Source material:
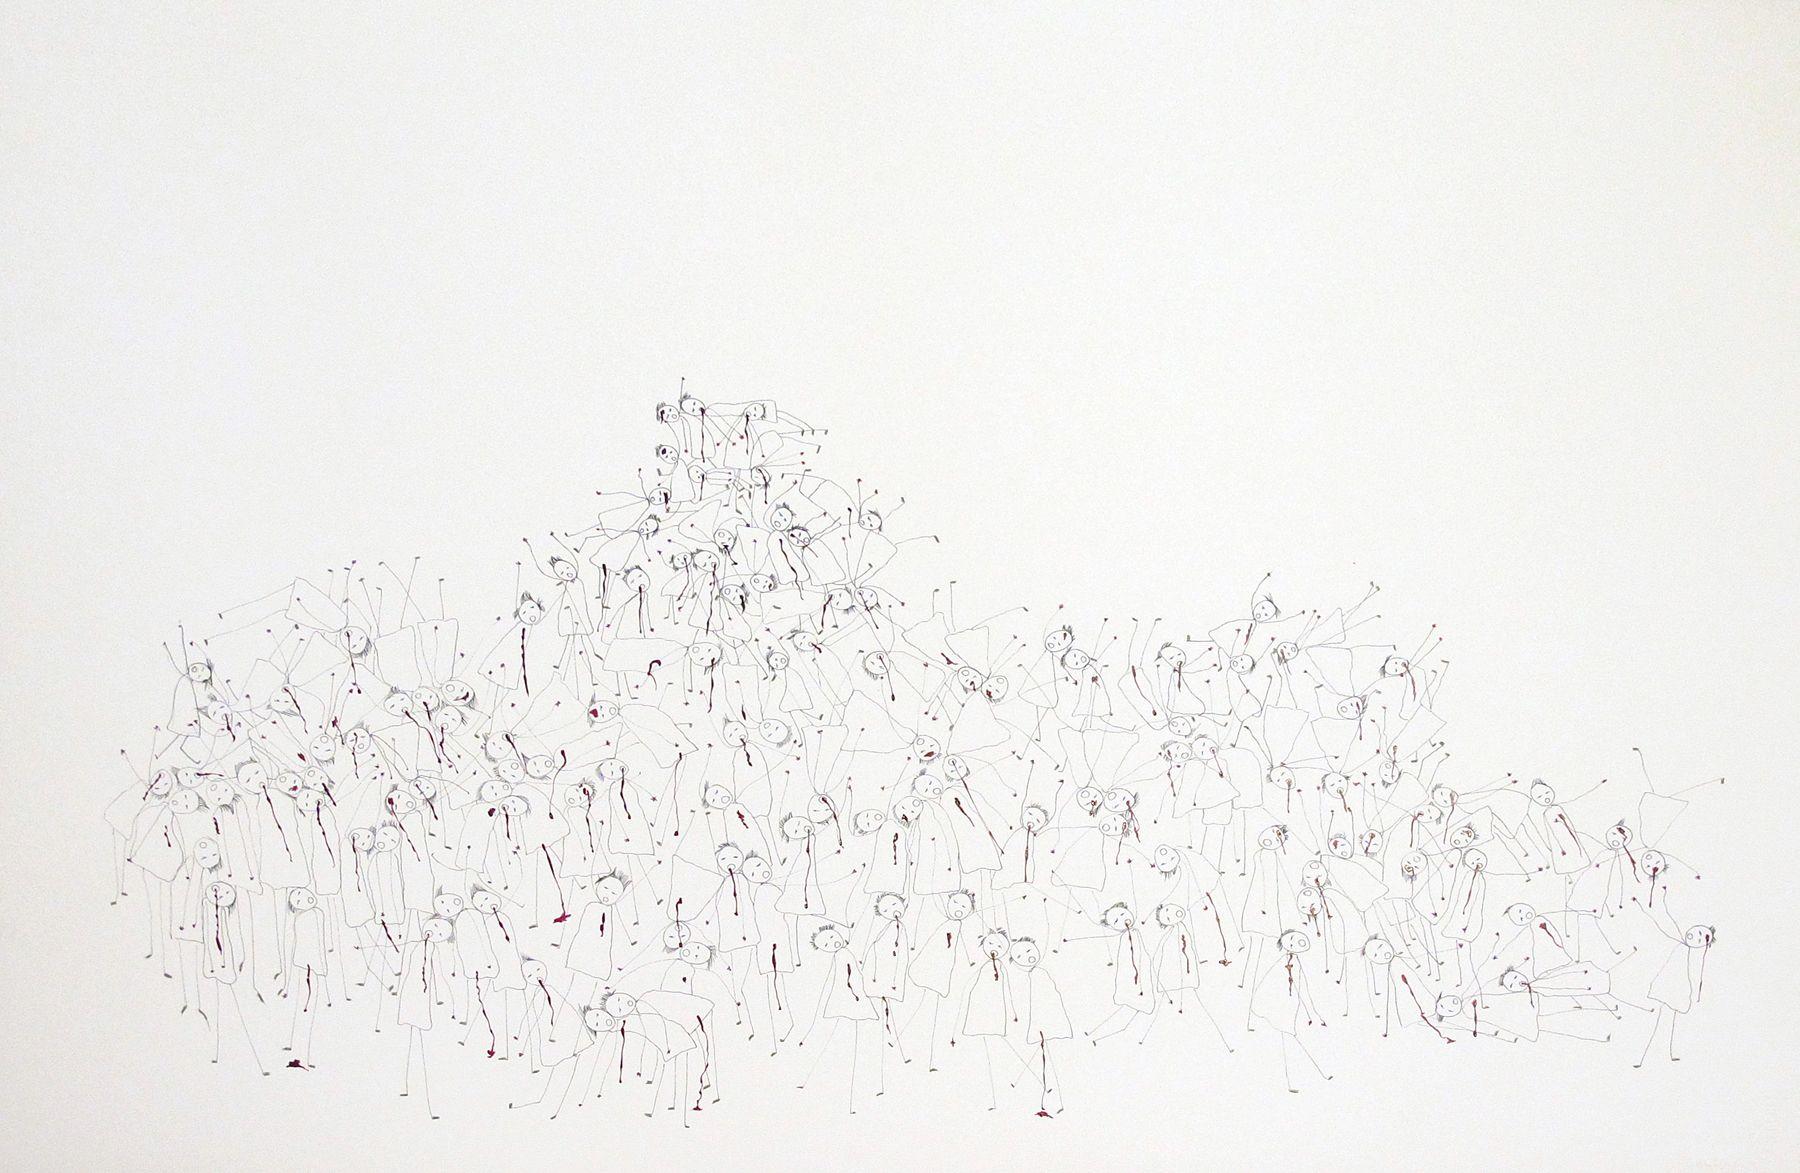 Alice Attie - Proximities - Howard Greenberg Gallery - 2014
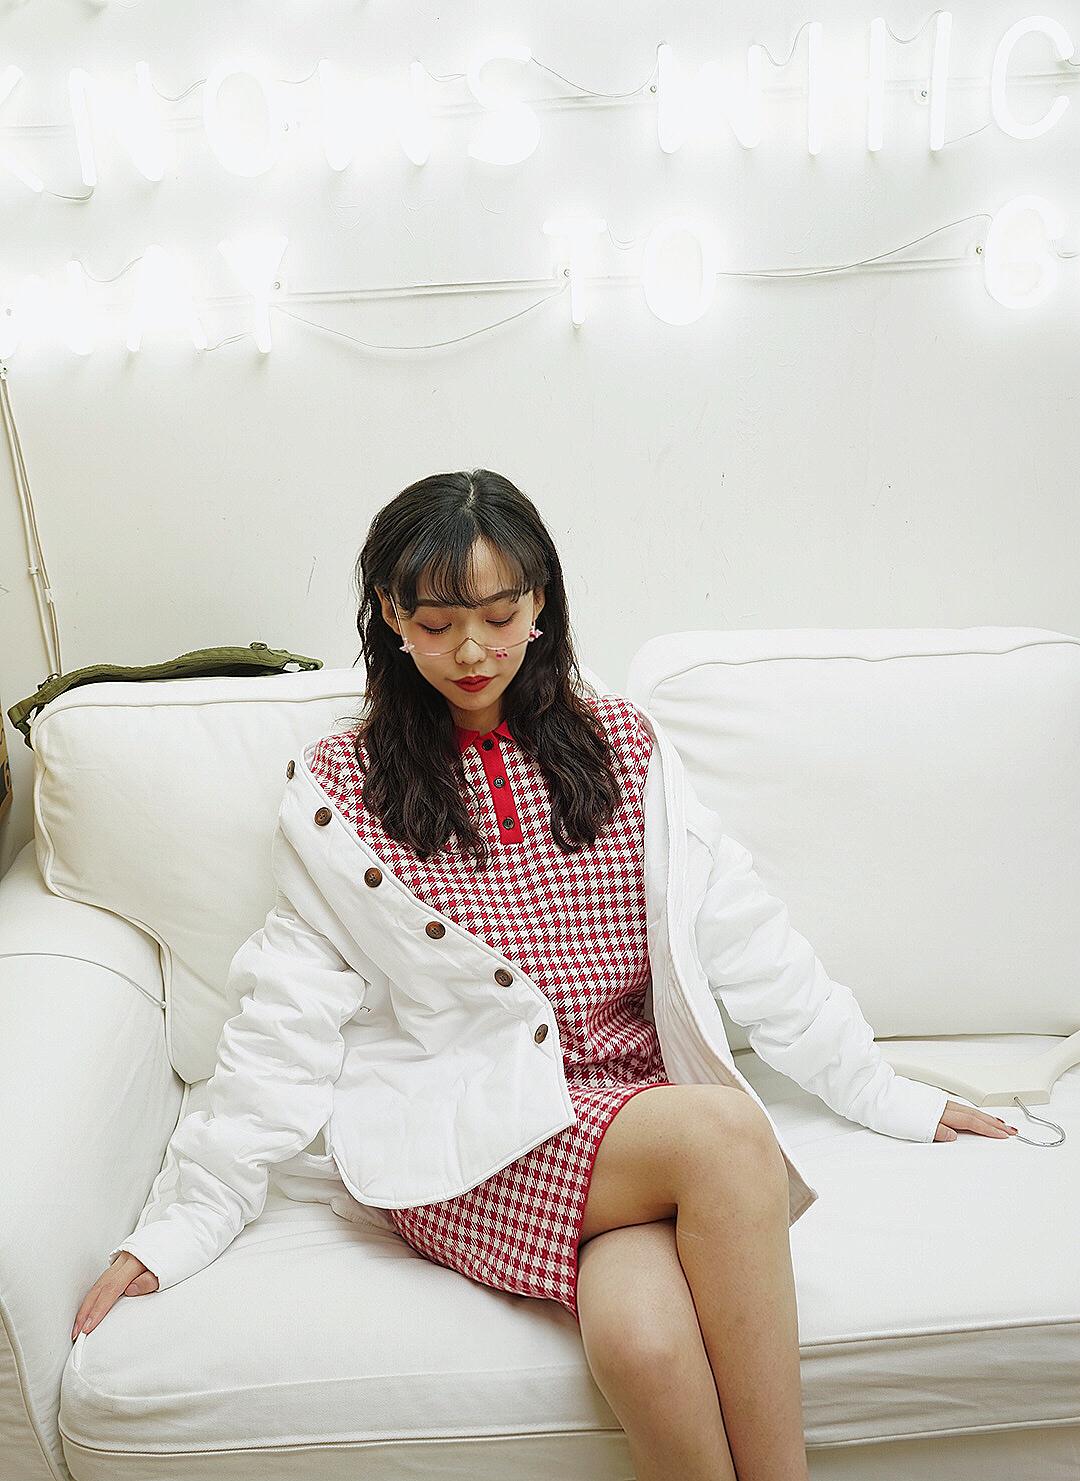 #MOGU探店#甜美风格的红白格子polo裙+白色外套,充满设计感的眼镜框架增加了玩味感。
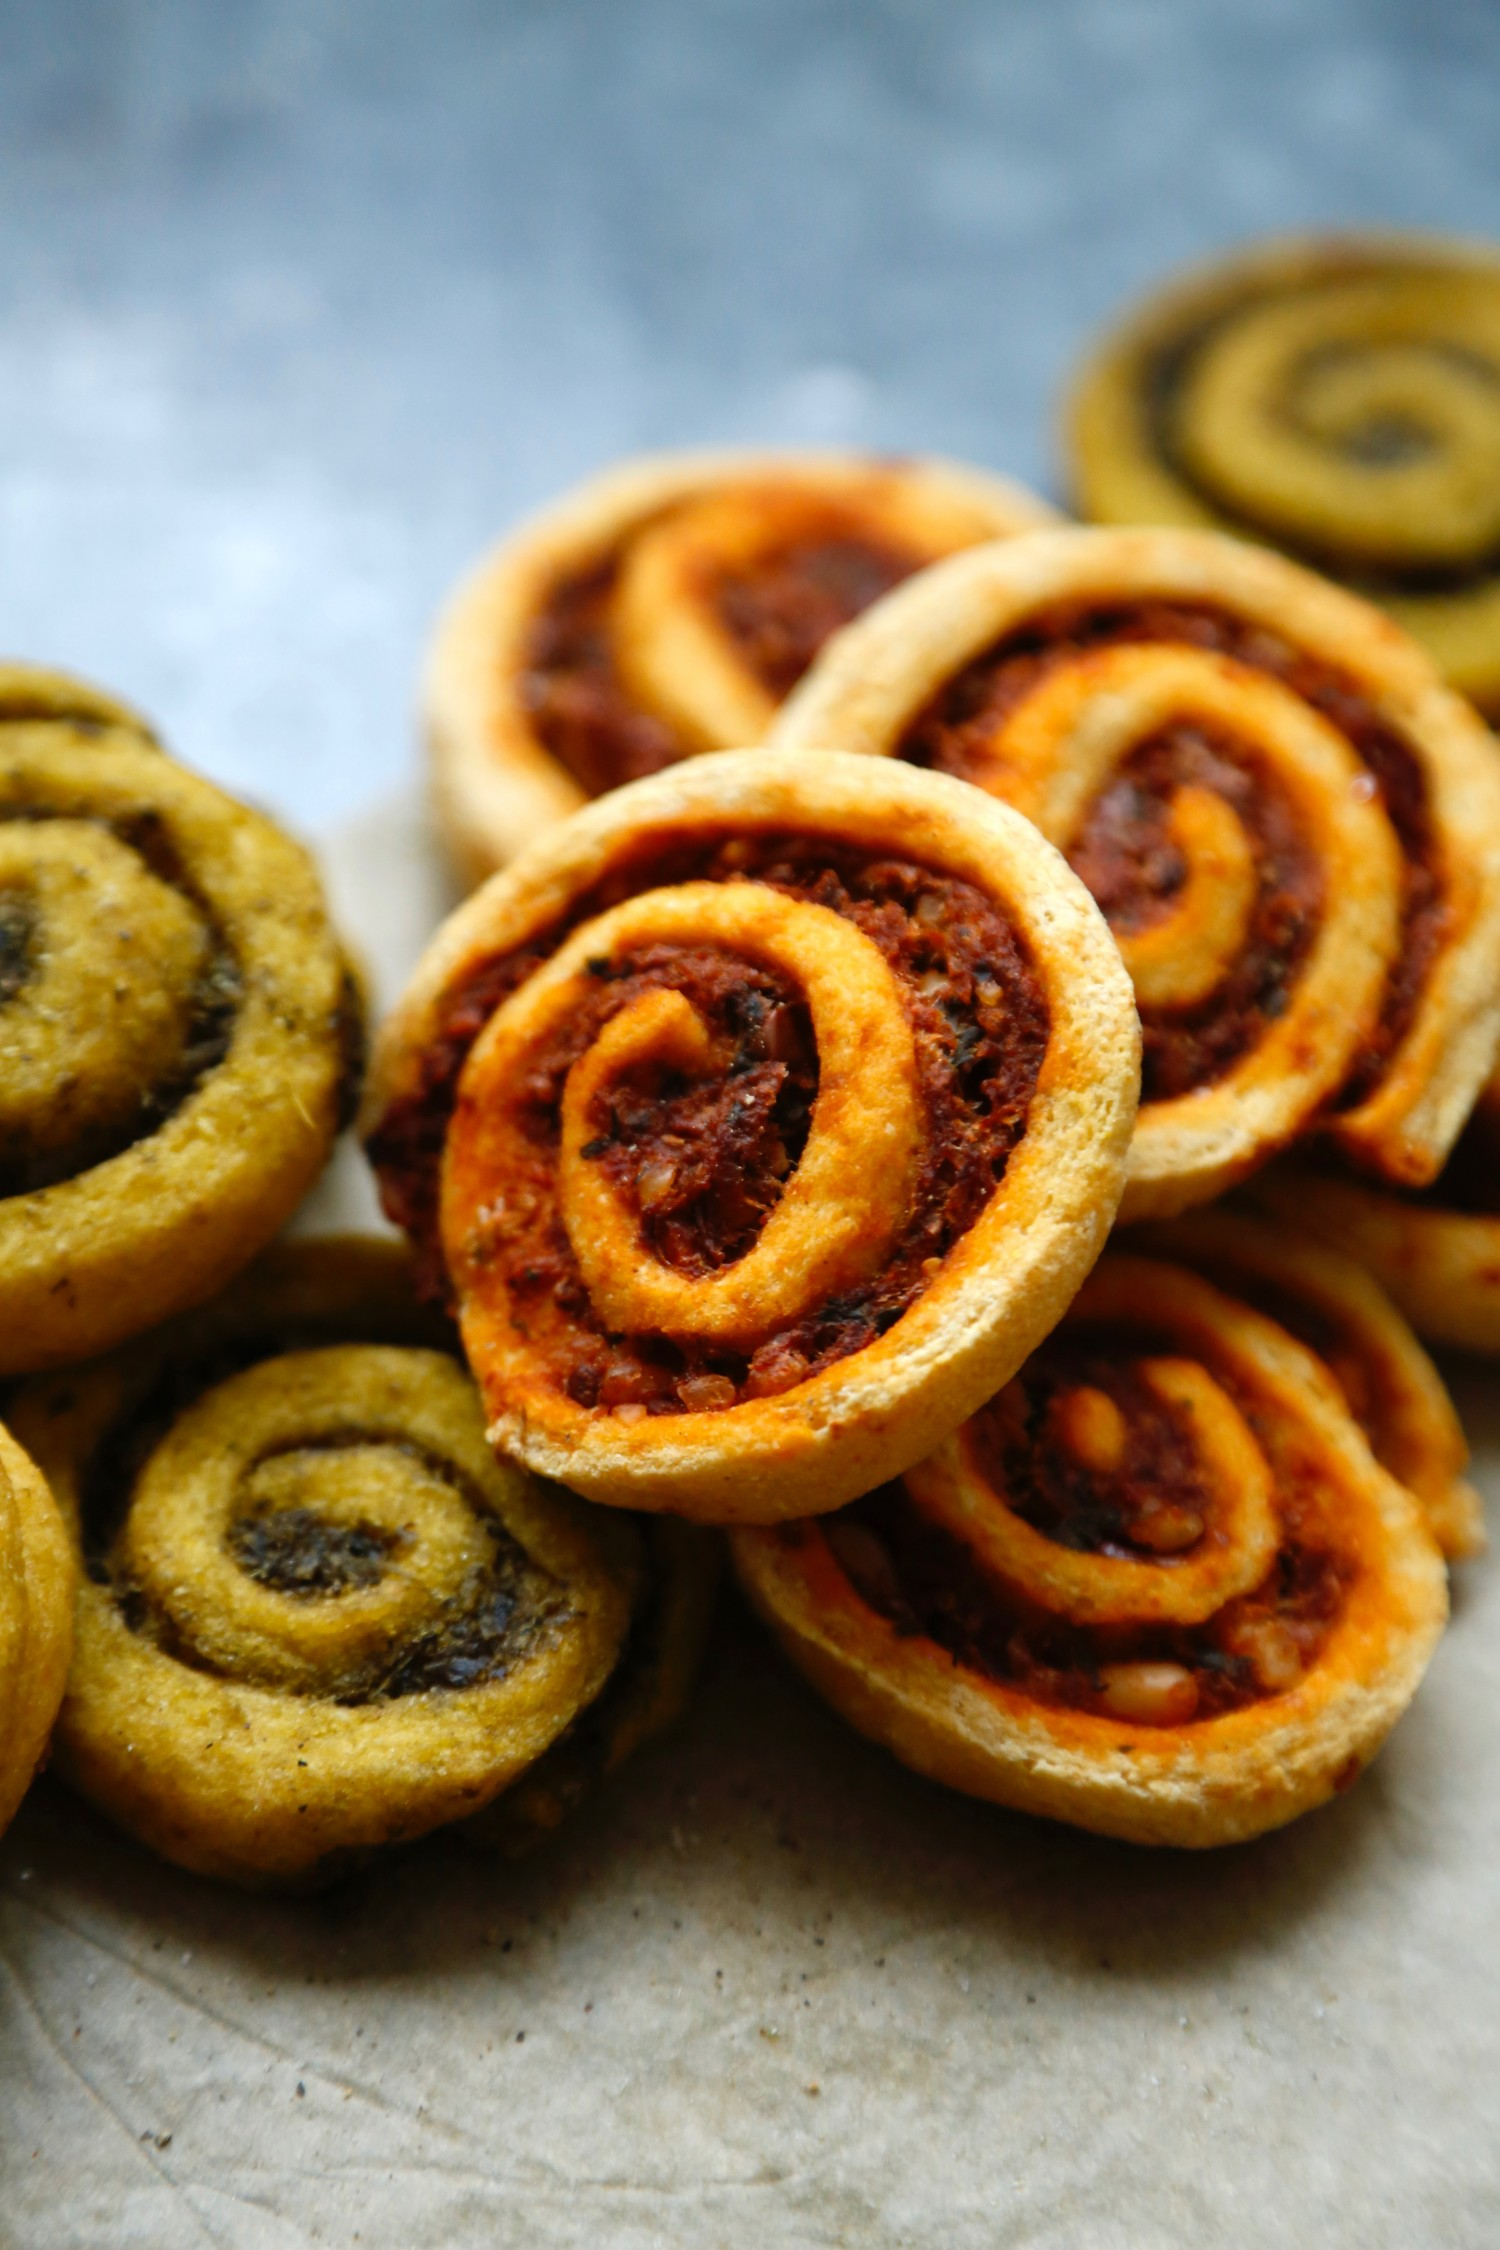 opskrift-glutenfri-pestosnegle-ide-til-sund-madpakke-3

Requirement:
Instruction for this listing: copy it exactly, but leave the images behind.

Answer section:
 Alice Attie - Proximities - Howard Greenberg Gallery - 2014
 #MOGU探店#甜美风格的红白格子polo裙+白色外套,充满设计感的眼镜框架增加了玩味感。
 opskrift-glutenfri-pestosnegle-ide-til-sund-madpakke-3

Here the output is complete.